What does this mean? It is, in fact, an “objective matter” that 1,000 people are dying every day in the United States. However, Kayyem is declaring that a decision that the “crisis is over” is not going to be decided by science and objective fact but on a purely political basis. But who is making these political decisions and in whose interests? If science and objective reality are not to be the determining factors, what is? The inevitable conclusion is that the decision must be made by the ruling class and its political institutions, on the basis of economic and geopolitical considerations.

One might ask Ms. Kayyem precisely how many deaths does she and others who have a “higher tolerance” consider to be “an acceptable trade-off”? 10,000? 100,000? 1 million? What is the final calculus of her “subjective, political, nonscientific … value judgements”?

This is a monstrous policy, and those carrying it out and advocating for it are nothing less than politically criminal. How is driving students back to the classrooms and workers back to unsafe workplaces any different from sending soldiers out into an endless wave of artillery shells and machine gun fire? The outcome is the same.

The pandemic, as a “trigger event,” is accelerating the underlying processes and tendencies of the crisis of global capitalism. The elevation of fascistic movements is the most violent expression of the demand for the removal of all restrictions on the spread of the pandemic. As Kayyem’s article demonstrates, however, the basic agenda is supported by the entire ruling class.

As the second year of the pandemic comes to a conclusion, the World Socialist Web Site and the Socialist Equality Parties affiliated with the International Committee of the Fourth International have initiated the Global Workers’ Inquest into the COVID-19 Pandemic. The task of this Inquest will be to examine and refute all the lies promoted by governments and in the media over the past two years, indict and expose those who are responsible for a policy that has produced death on a massive scale, educate workers on what can and must be done to eliminate the virus, and raise the political and social consciousness of the working class.
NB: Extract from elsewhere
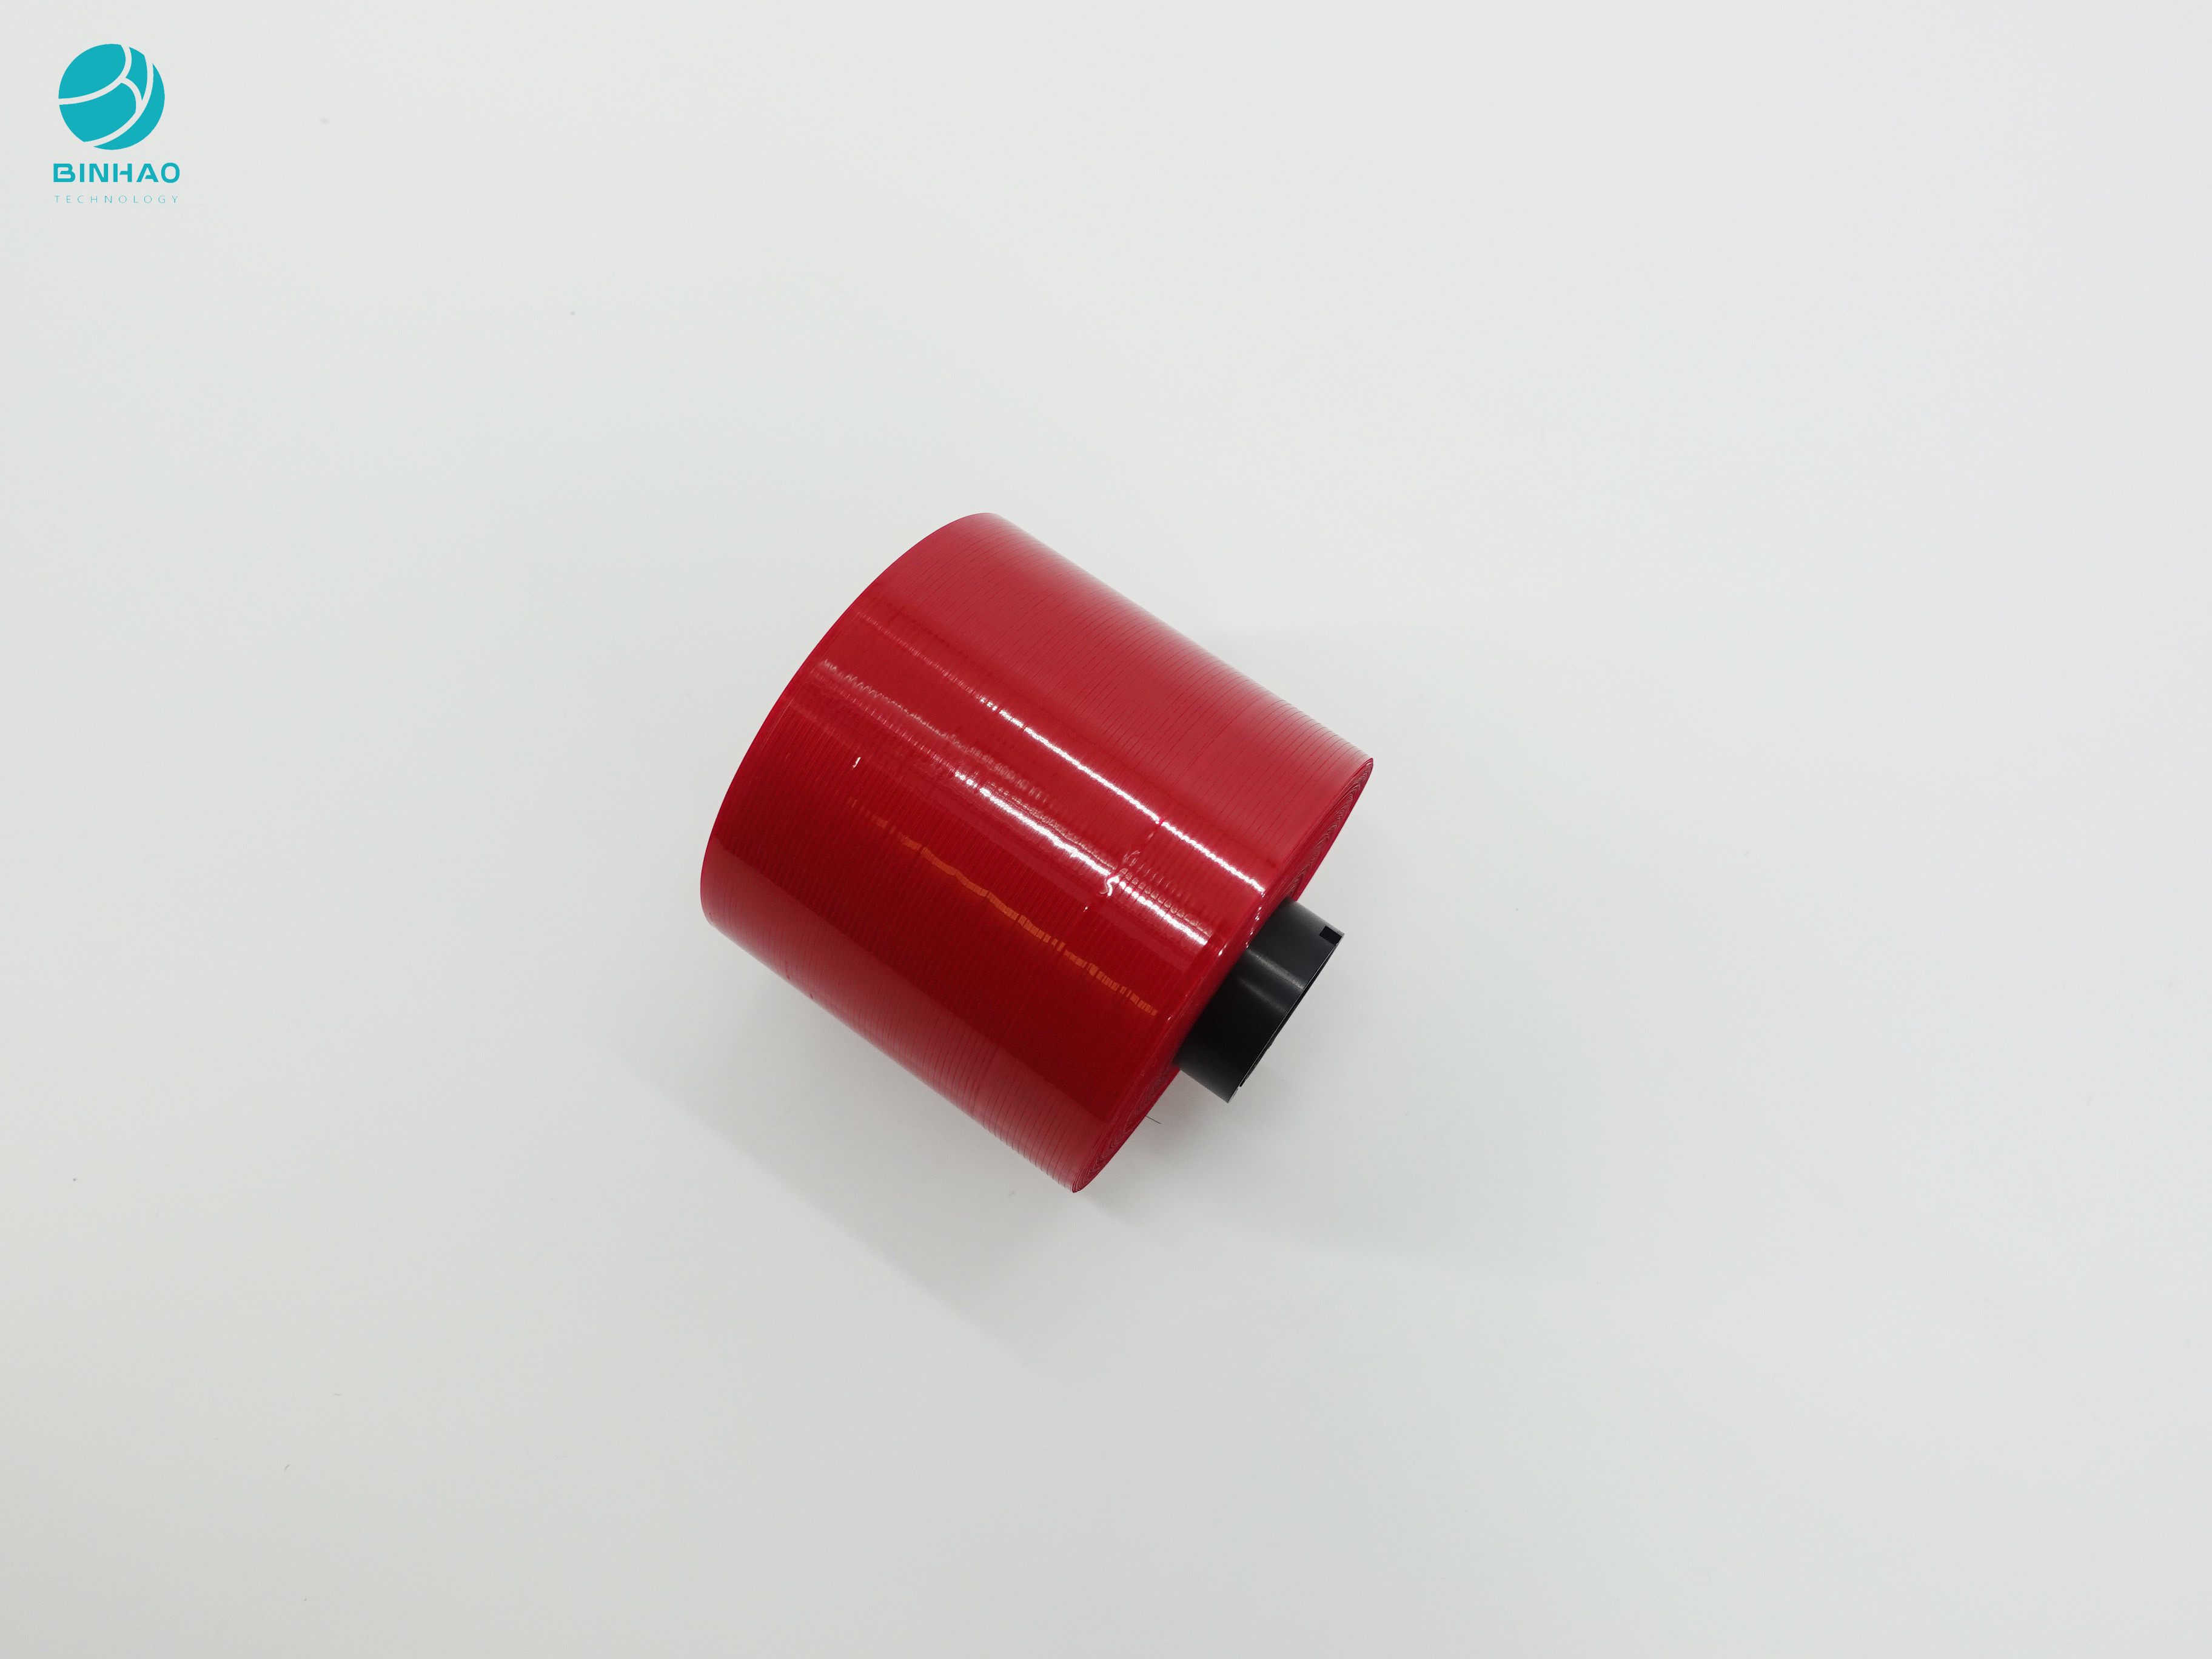 담배 상자포장을 위한 어두운 빨강색 반대 무단 복제 디자인 3 밀리미터 개봉 테프

A final comparison to World War I is perhaps the most important. The war was finally brought to an end through the intervention of the working class, culminating in the Russian Revolution of 1917 and a wave of revolutionary struggles throughout Europe. Similarly, a change in policy in response to the pandemic will not be realized outside of a massive social and political movement of the international working class to demand a strategy of global elimination.

The logic of class interests, expressed in the experience of the past two years, makes evident that such demands place the working class in a confrontation with the ruling elites and the entire capitalist system.